Выбрать главу

Красиво. А раньше? Что Никифор Никитич раньше соловьев не слушал? Или их не было в этих краях? Что вы! Соловьи поют — изнывают от любви каждую весну. Утренняя зорька зажигается над озером каждый день. Но до красоты ли было Никифору Никитичу?

Годы… Мчатся — не остановишь. Вообще-то Никифору Никитичу не так уж много — чуть поболе сорока. Но не в годах дело, а в душевной неурядице. Не первый день она сосет, не вчера появилась.

Года два с небольшим назад появился в кабинете очкастый парень, одетый по-городскому. Поставил на пол чемоданчик и сказал:

— Прибыл, Никифор Никитич!

А у Осолодкова кровь прихлынула к лицу, глаза заслезились: Игорь! Выскочил из-за стола, схватил парня в объятия. Потом усадил на стул и все удивлялся:

— Подумать только, какой ты стал! Мужчина! Спасибо, уважил меня, заехал.

— А я ведь не в гости. У меня направление. Агрономом к вам.

— Постой, постой, — остановился Никифор Никитич. — Так это, выходит, о тебе вчера звонил директор?

— Обо мне.

— Агрономом, говоришь?

— Агрономом. В позапрошлом году институт закончил, на юге области год отработал да вот к вам отпросился.

— Правильно! Правильно сделал, — и потащил Игоря к себе домой: ох и обрадуется же Анюта!

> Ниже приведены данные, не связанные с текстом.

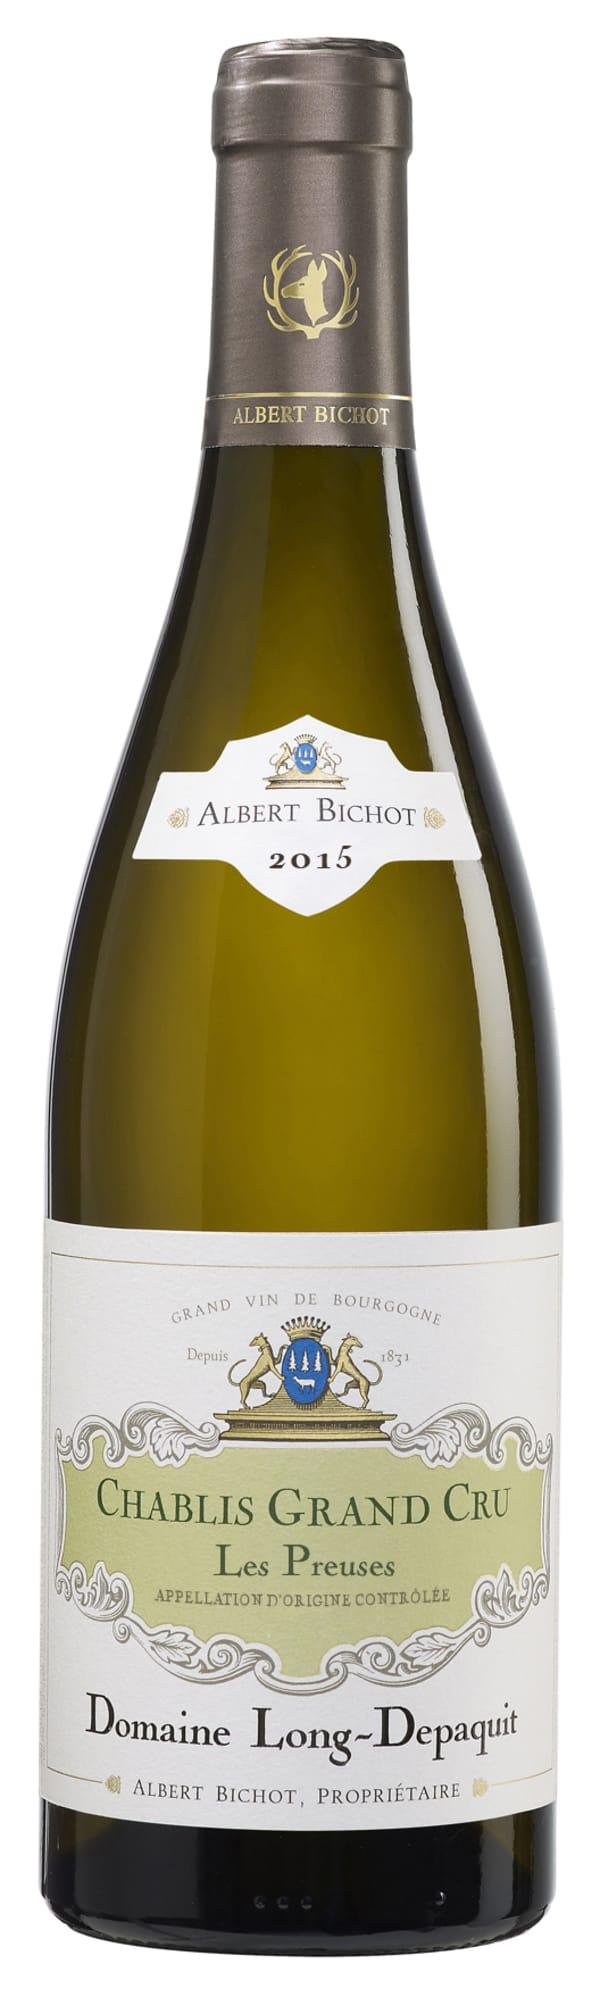 Albert Bichot Domaine Long-Depaquit Chablis Grand Cru Les Preuses 2015

А был-то… Шкет. Пальцы всегда в чернилах, на носу вечные конопушки. Когда же это было?

Кажется, в сорок пятом. Самая тяжелая весна. Был тогда Никифор Никитич председателем колхоза. Прислали из МТС три дряхлых колесника-трактора. Как хочешь, так и сей. Лошадей запряг всех — и мало. Хорошие сроки уходили. А упустишь сроки — одно дело, без урожая останешься, а другое — в райкоме стружку снимут. Собрал стариков посоветоваться. И возникла мысль вручную сеять, хотя бы овес. Пусть на тракторах сеют, на лошадях тоже. А старики выйдут с лукошками. И пошло дело. Ехал мимо председатель райисполкома, увидел стариков с лукошками и в ярость пришел. Хотел прекратить, да только старики отказались ему подчиниться: мол, не ты работу давал, не тебе ее отменять. Осолодкова в ту пору почему-то в колхозе не оказалось. Овес посеяли на сорока гектарах. Вызвали Никифора Никитича в райисполком, и понял он тогда: хана теперь будет. Председатель райисполкома как увидел его, кулаком по столу:

— Хватит, Осолодков! Под суд за вредительство отдам. А ты, прокурор, заводи дело.

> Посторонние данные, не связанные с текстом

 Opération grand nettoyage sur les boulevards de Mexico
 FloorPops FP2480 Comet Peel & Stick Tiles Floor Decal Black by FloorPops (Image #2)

А прокурор мрачно пошутил:

— Суши сухари да побольше.

Похоже, действительно, придется сушить. Соловьи и в ту весну тоже звонко пели. И черемуха цвела, и сирень. А Никифор Никитич ничего не слышал и не видел. Руки опустил. Ждал прокурора. А тот не ехал и не ехал. Может, пронесет грозу стороной? У Анюты слезы не просыхают…

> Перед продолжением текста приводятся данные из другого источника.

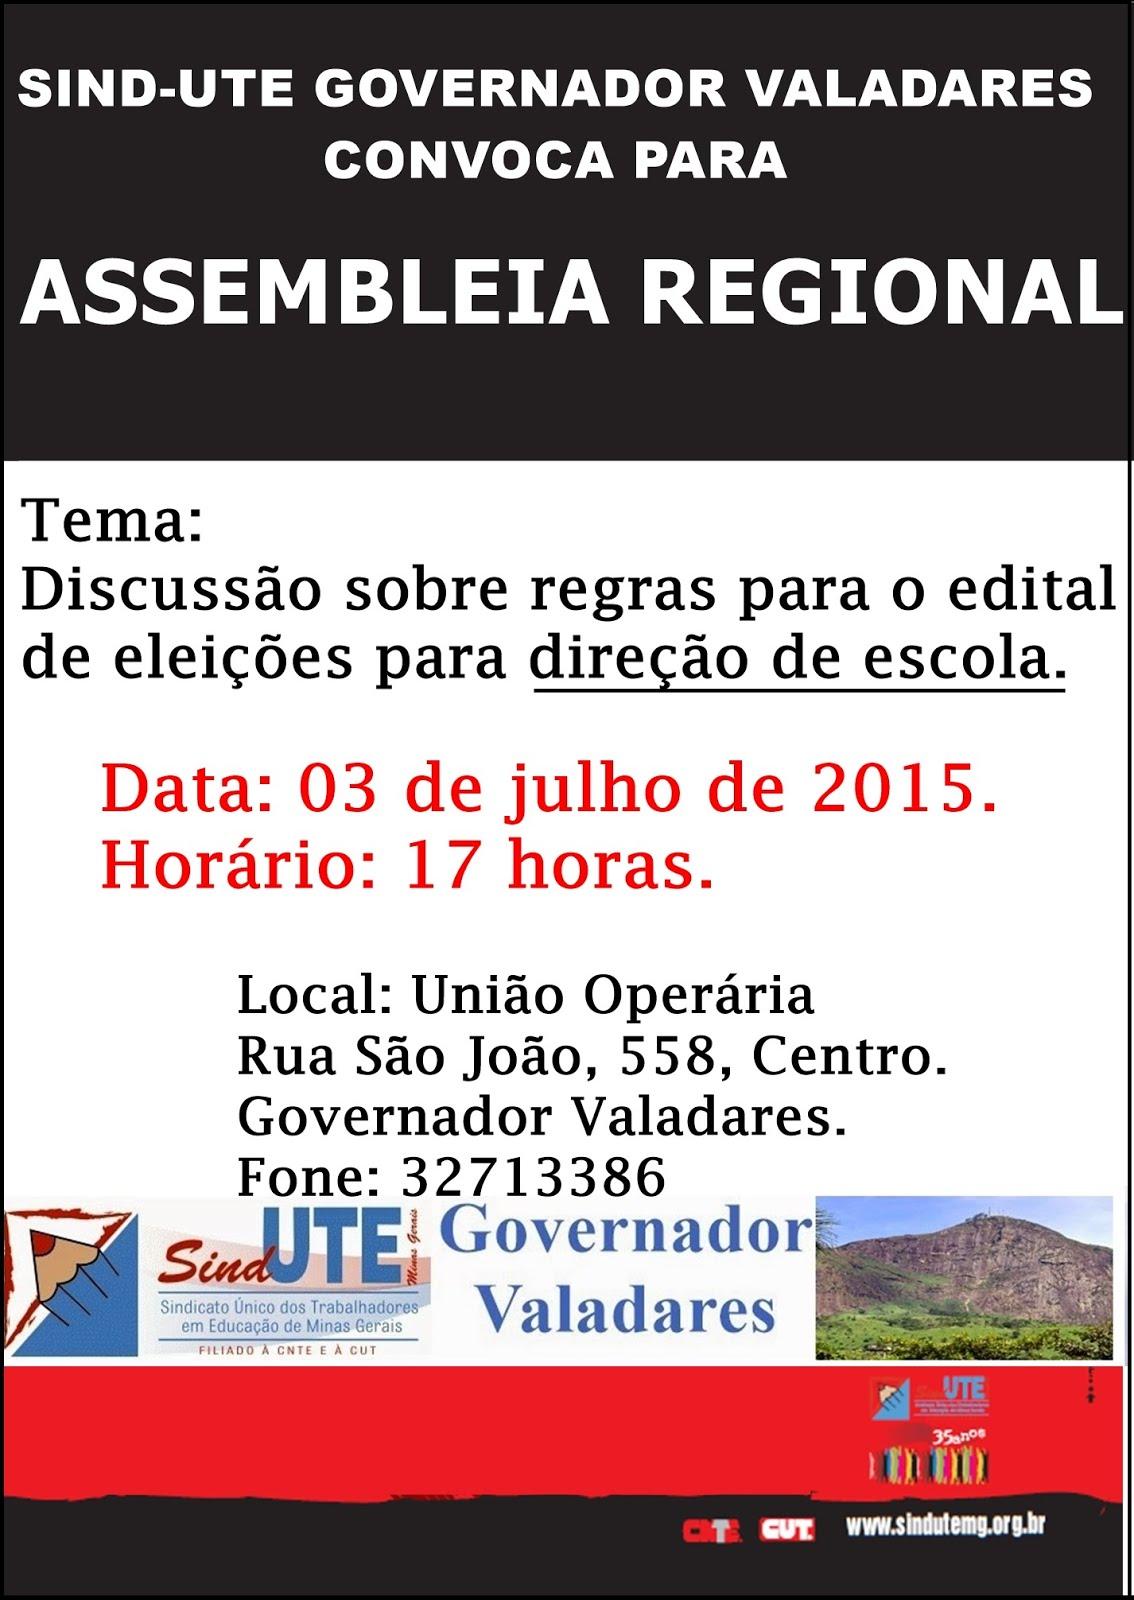 ASSEMBLEIA REGIONAL DIA 03 DE JUNHO

Явился все-таки прокурор. На бричке, с хлыстом в руках. Подкатил к правлению, бросил вожжи подвернувшемуся колхознику, а плеть в руках. На крыльце замешкался, покрутил черенком перед глазами и крикнул колхознику:

— Эгей, держи! — кинул ему плеть.

У Никифора Никитича так внутри все и оборвалось. Значит, до тюрьмы не больше двух шагов. Прокурор был высокого роста, белокурый и голубоглазый. Человек как человек — разговорчивый, курящий, улыбчивый. Только должность грозная. Звали Артемом Петровичем. Потолковали с ним мирно о том, о сем, о районном начальстве тоже. Никифор Никитич напрягся, когда начальства коснулись. Не ровен час, бухнешь что-нибудь невпопад. Прокурор круто изменил разговор, когда увидел затруднение Осолодкова. Живо спросил:

— Посмотрим овес?

— Можно. Коня запрячь или пешком пройдемся?